Катя и Сонька шли в обнимку и чуть слышно напевали. Пели про Василя, который все сено косил, про вдову, которая умела привораживать, и про мать, не позволявшую вдову брать. Санька вынырнул перед ними так неожиданно, что девчата испуганно взвизгнули на всю улицу и так рванули наутек — на мотоцикле не догонишь. Катина калитка с грохотом захлопнулась у меня под самым носом, чуть лоб не расшиб. Что тут станешь делать? Постоял, послушал, как она торопливо запирает на засов дверь в сенях, вздохнул и подался назад. Санька уже ждал меня под вербами. Проводили называется.
А как ты пойдешь домой, если через два двора Юрка Колдоба сидит на завалинке с нашей Ганкой? Нам известно, что они там каждый вечер сидят. Будешь проходить мимо, а тот падеспанщик и спросит:
— Что вы, хлопцы, так рано?
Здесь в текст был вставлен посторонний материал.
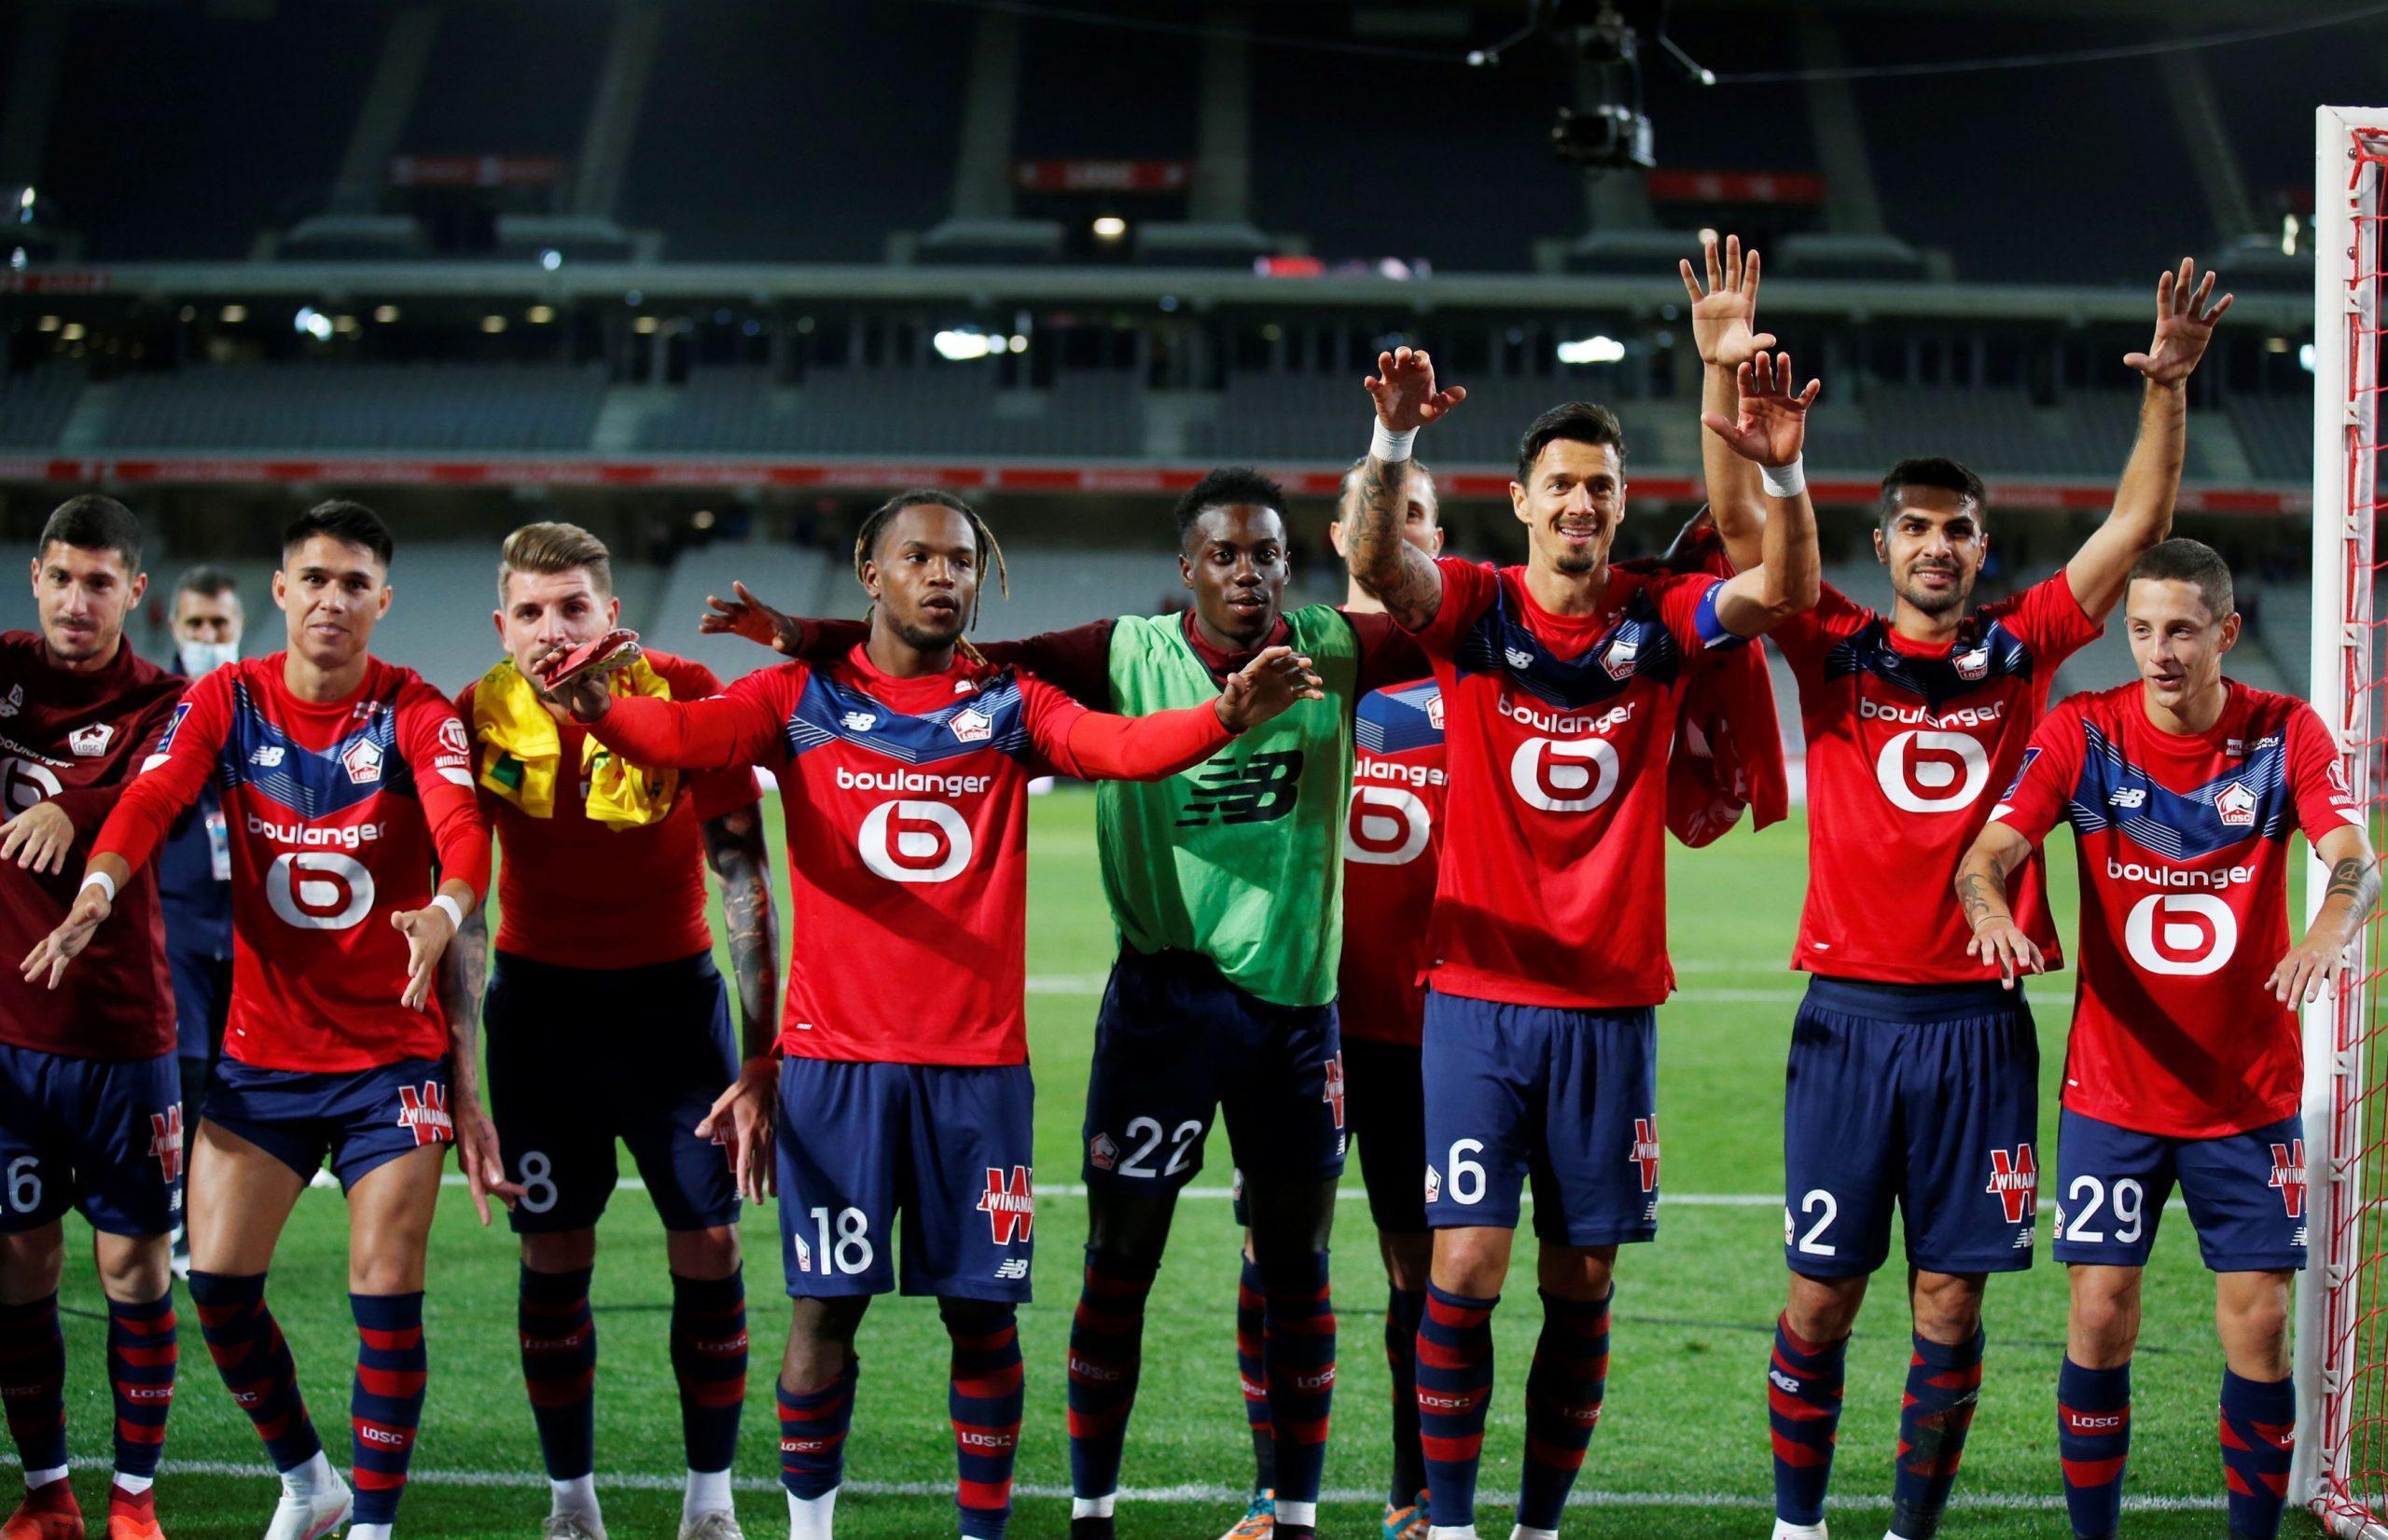 Slavlje nogometaša Lillea nakon pobjede/Foto REUTERS

Не везет?
Лучше мы еще здесь посидим какой-нибудь часок, а потом уже — руки в брюки, засвищем и пойдем. Знай, мол, наших. Не лыком шиты, хотя и без блестящих погонов.
А тоска же сидеть просто так. Считай теперь звезды на небе, бей настырных комаров на собственной шее. Хоть бы подсолнуху, что за Афонькиным забором, голову свернуть, так сидели бы да семечки грызли.
— Давай свернем! — отважился Санька. Он уже встал ногами на лавочку, но тут во дворе кто-то брякнул щеколдой. Не спит еще богомолка, видно, на ночь запирается.
Афонькина хата не на улице, как остальные, а в глубине сада.
К двору ведет узкий, только проехать телеге, переулок, над которым нависли ветви старых яблонь. Идешь по переулку, как по темному коридору.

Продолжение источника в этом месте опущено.